What is ground-level ozone and why is it important?

Ozone (O3) is created primarily from chemical reactions between NOx (oxides of nitrogen) and VOCs (volatile organic compounds) that occur in the presence of heat and sunlight. A large share of ozone-generating pollutants are produced by motor vehicles, although any fuel combustion source emits the pollutants that can contribute to ozone formation.

Ozone is a major problem in many urban areas, as well as rural areas downwind of metropolitan regions, where it can reduce lung capacity and increase susceptibility to respiratory illnesses, especially in children and the elderly.

What can be done to control ozone air pollution?

Control strategies for ozone may comprise a set of regulations that specify emission limits and/or control equipment that are deemed to be reasonable available control technology (RACT), best available control technology (BACT), or lowest achievable emission rates (LAER), depending on the severity of the nonattainment problem in the area.

NOx and VOC control equipment or programs may address specific industrial processes, or focus on on-road vehicles, non-road equipment such as locomotives, and nonpoint sources such as small industrial boilers, dry cleaners, and consumer solvents. Pollution prevention measures such as use of non- or low-VOC content solvents and coatings can also be part of an effective ozone control strategy.

On April 15, 2004, EPA designated 432 counties, including Mahoning and Trumbull counties in our region, and 42 partial counties as nonattainment areas for the 8-hour ozone standard, and these areas face deadlines between 2007 and 2024 (depending on the severity of their ozone problem) for attaining that standard.
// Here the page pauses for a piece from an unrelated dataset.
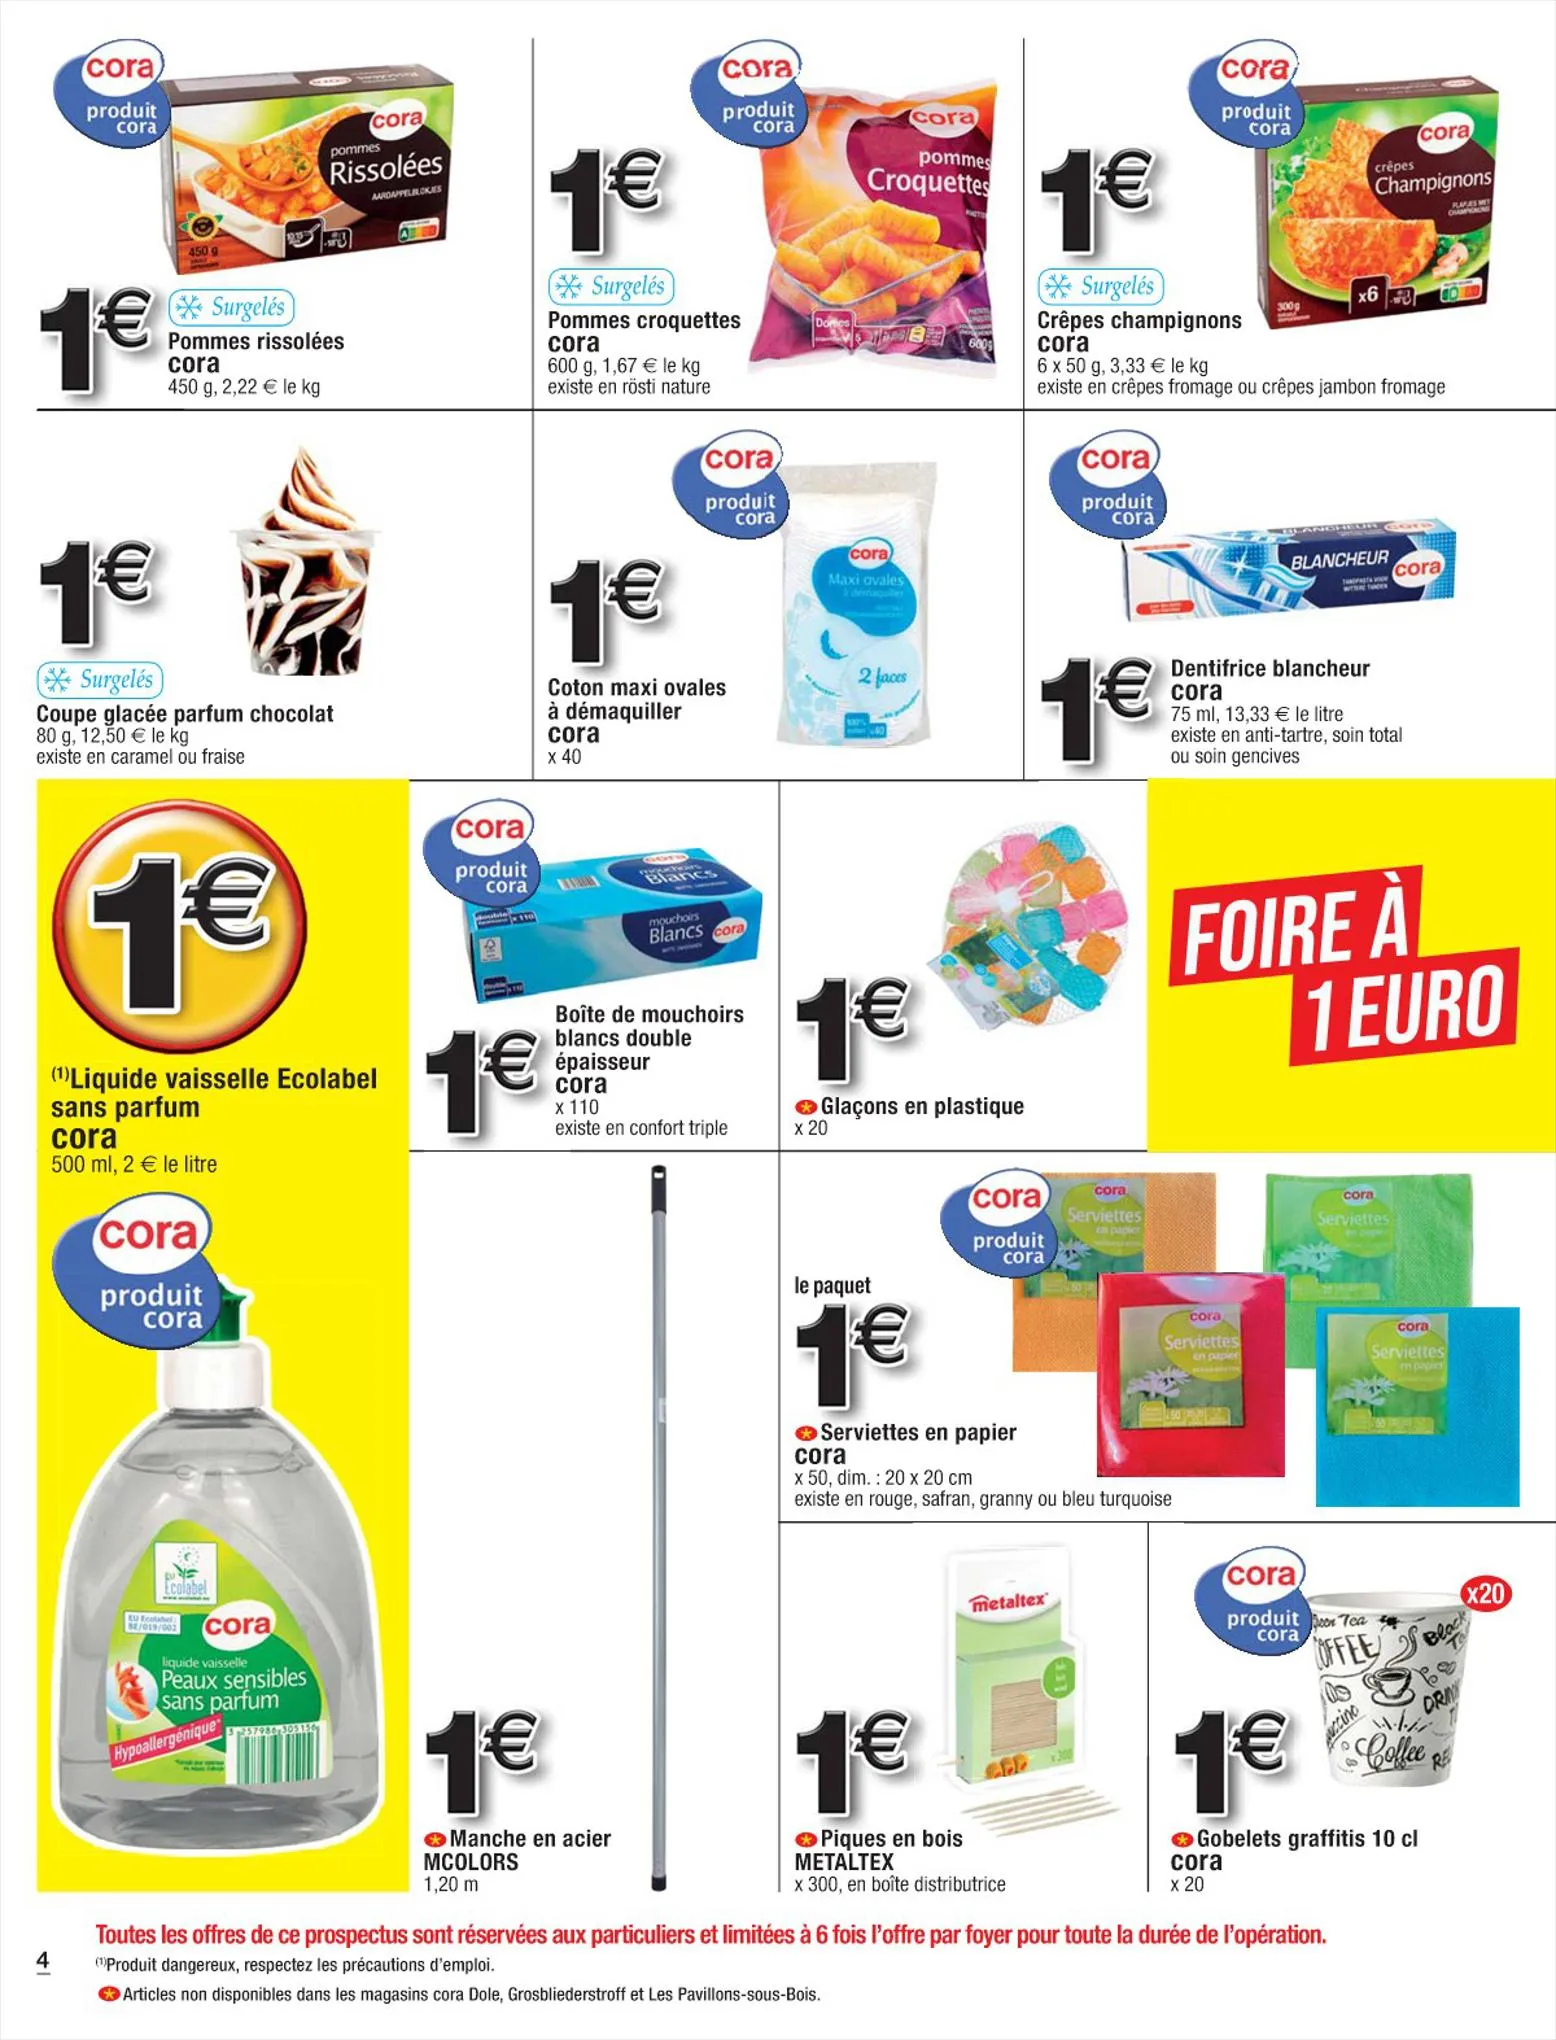 Catalogue Foire à 1 euro / 2 euros, une pluie d'offres !, page 00004

On March 15, 2005, EPA announced the Clean Air Interstate Rule (CAIR), which addresses ozone transport across the boundaries of 25 states and the District of Columbia. CAIR contains reduction targets for NOx during the summer that can be met through a cap-and-trade system for electric utilities.

Particle Pollution

What is Particle Pollution?

Particle pollution or what is also commonly referred to as soot or PM2.5 are tiny solid particles and liquid droplets measuring only 2.5 micrometers in size, or 40 times smaller than a grain of table salt! Particle pollution is released into our air by cars, trucks, power plants, industrial facilities, as well as from residential fireplaces. Unlike ozone, particle pollution does not need sunlight or heat to form. As a result, particle pollution can occur year-round.

Health Concerns

Because of its microscopic size, particle pollution can be inhaled deeply into our lungs causing serious health problems. Exposure to particle pollution can aggravate lung diseases such as asthma and bronchitis, causing increased medication use and doctor visits.

Particle pollution exposure has also been linked to heart attacks and cardiac arrhythmias. Particle pollution can change the variability of your heart rate making you more susceptible to heart attacks. People with heart disease such as congestive heart disease, coronary artery disease and chronic obstructive pulmonary disease are at greater risk.